Among the categories purchased via social channels, clothing is expected to lead the social commerce purchases accounting for 18% share globally by 2025, followed by consumer electronics at 13% and home decor at seven percent. In China,fresh food and snack items also represent a large product category. Although the beauty and personal care category accounts for a low share currently in terms of social commerce sales,it is predicted to capture over 40% of digital spend on average for this category in key markets by 2025.

Social commerce is more likely to be used by consumers in developing countries. Eight out of ten social media users in China use social commerce to make purchases for a given category, the report added. However, the majority of social media users in the UK and the US have yet to make a purchase via social commerce.

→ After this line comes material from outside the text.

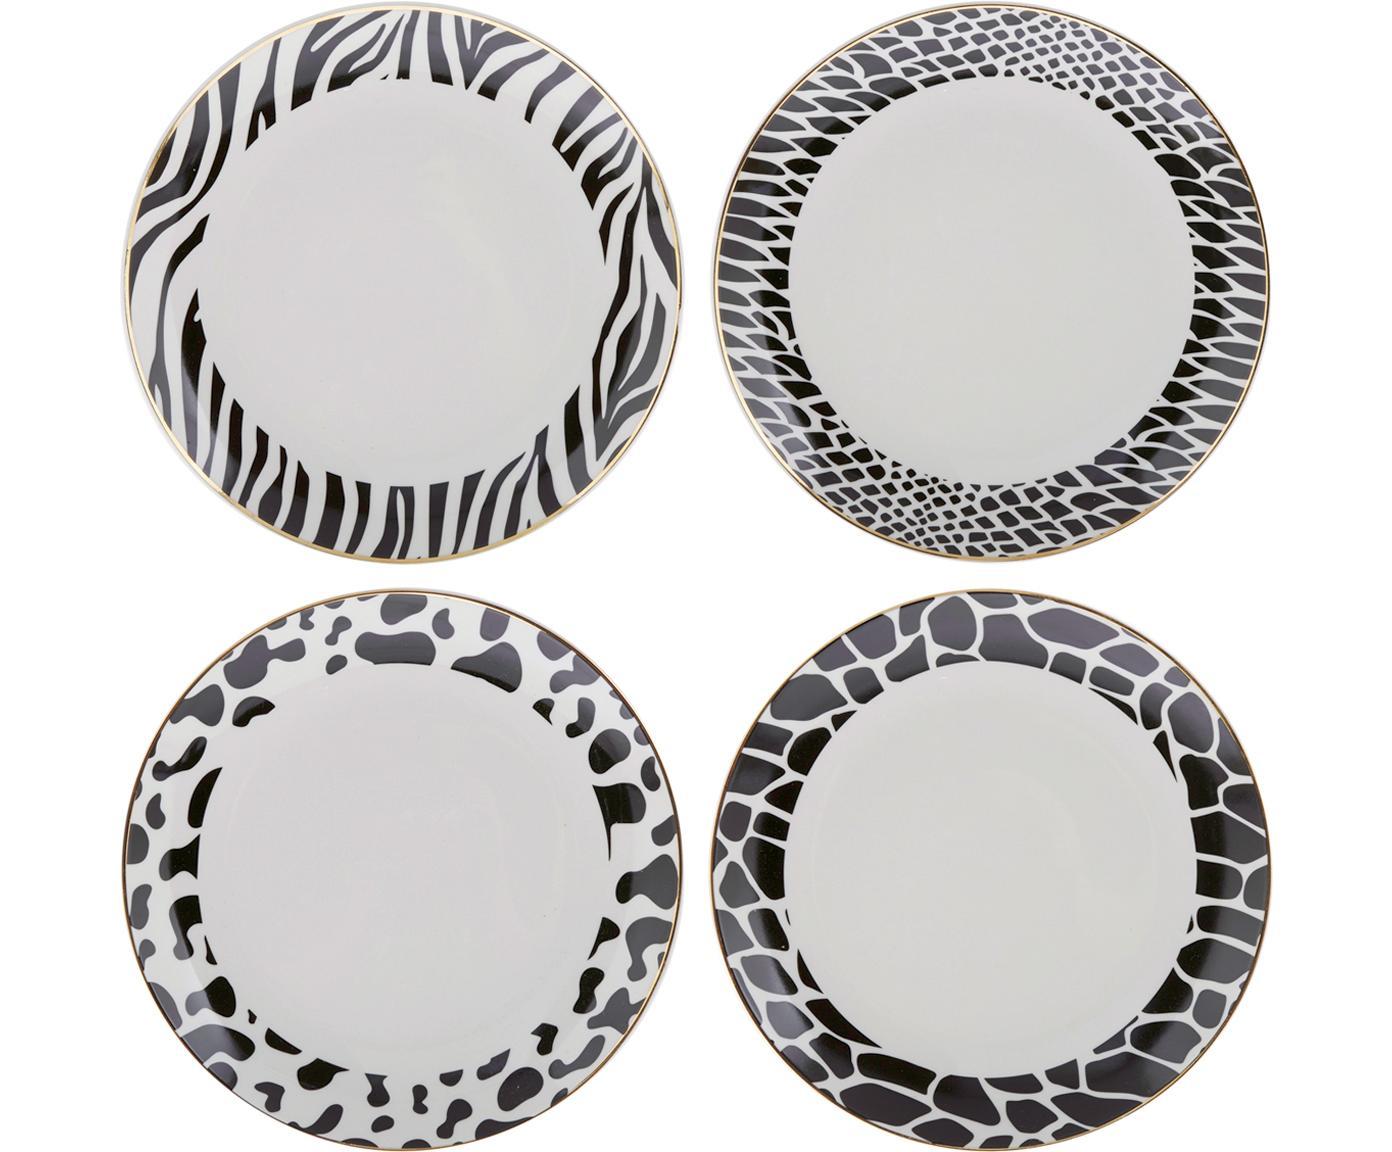 Frühstücksteller-Set Wild Jungle, 4-tlg., Porzellan, Schwarz, Weiß, Ø 19 cm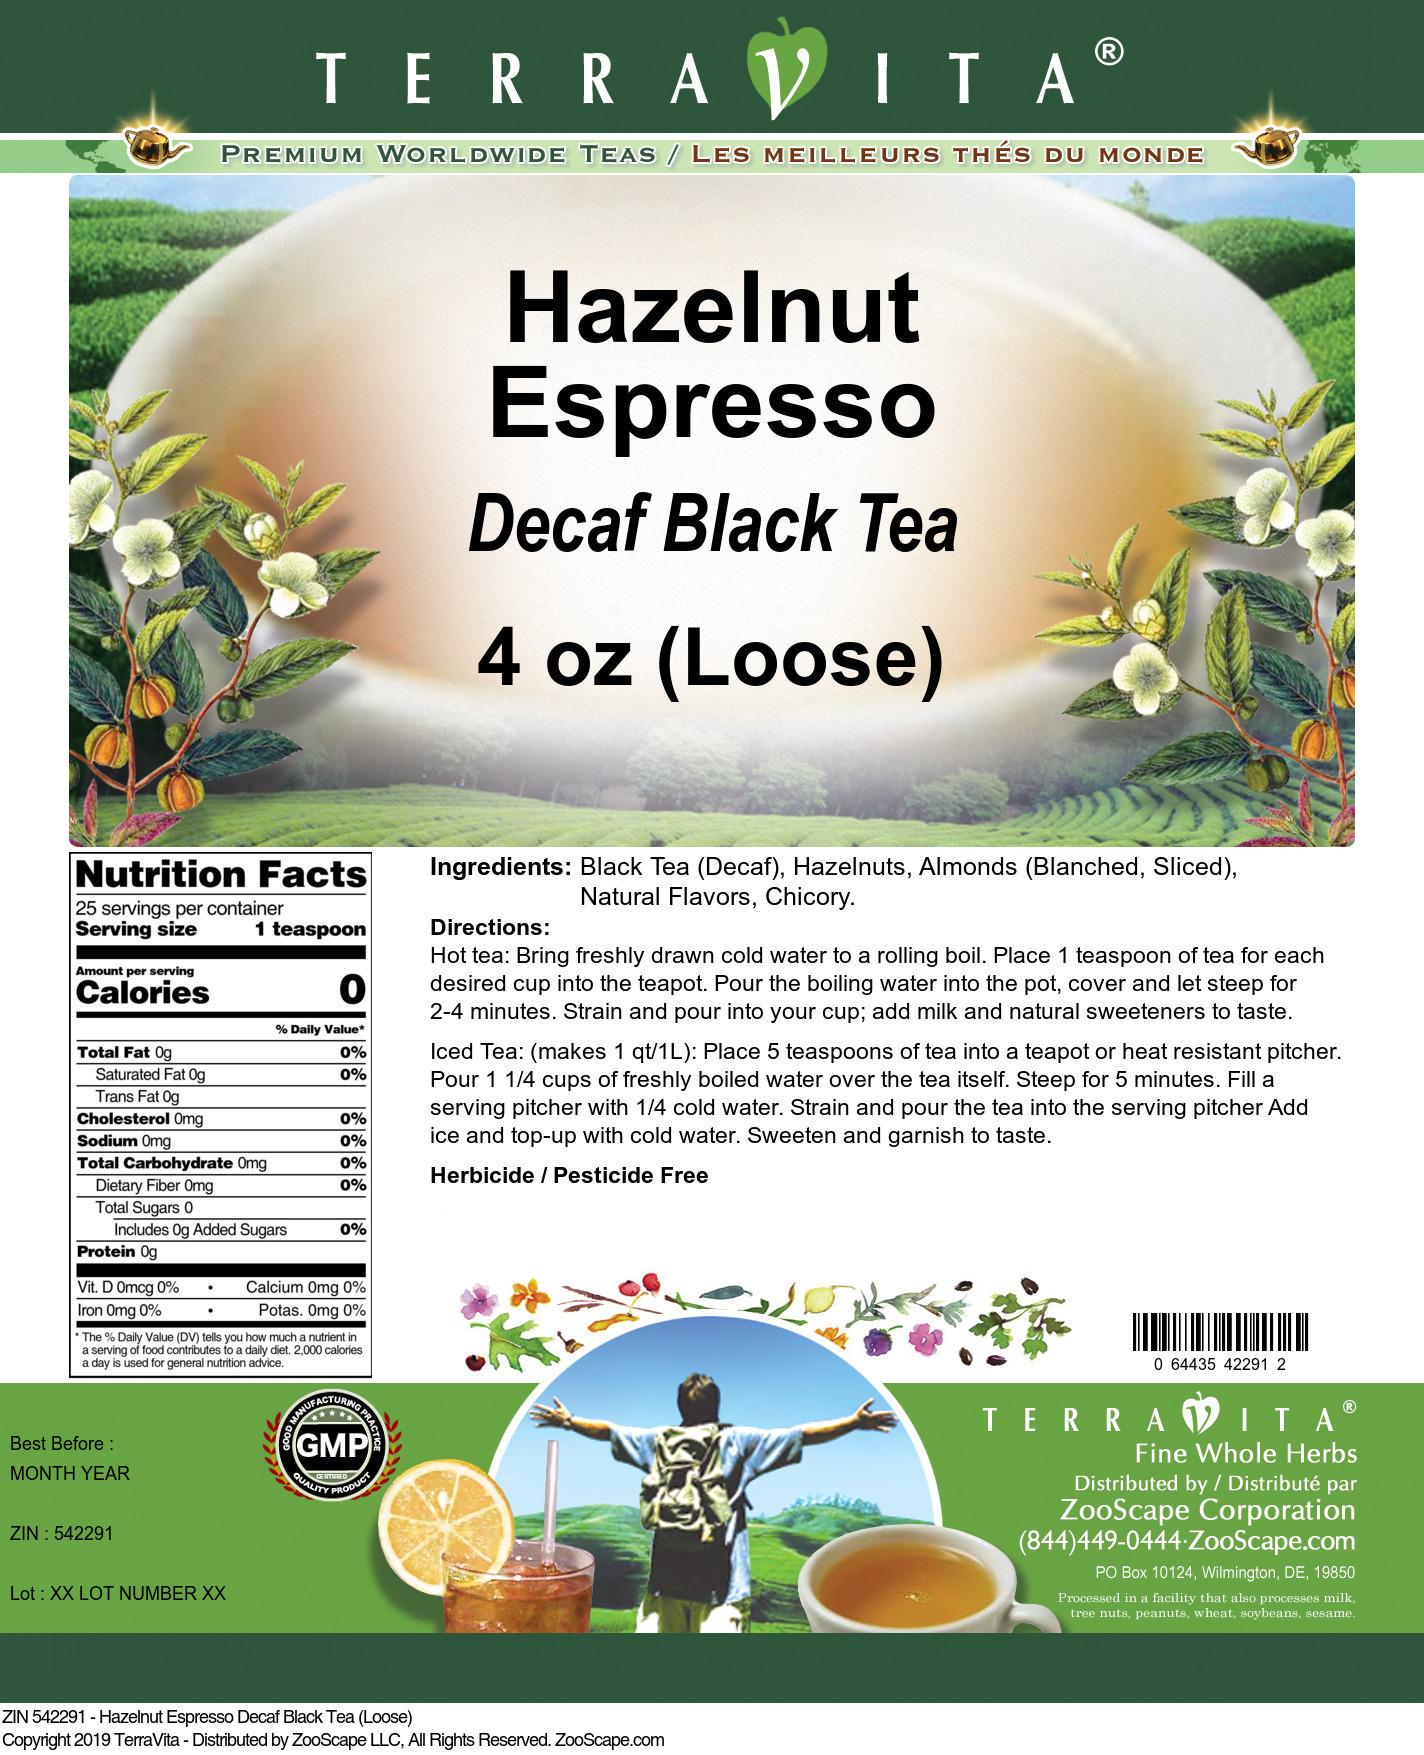 Hazelnut Espresso Decaf Black Tea (Loose)

In India, as well as in Brazil and China, users care more about features that help them discover and evaluate potential purchases. On the other hand, the users in the UK and US market place more importance on pricing and discounts. Younger generations are more attracted to live streams and put more faith in buyer reviews but older shoppers emphasise security features and value brand familiarity.

Furthermore, individual and small brands stand to benefit from the growth of social commerce as more than half (59%) of social buyers surveyed said they are more likely to support small and medium-sized businesses through social commerce than when shopping through e-commerce websites. 63% of the surveyed respondents are more likely to buy from the same seller again. The study was conducted via an online survey of over 10,000 social media users in China, India, Brazil, the US, and the UK.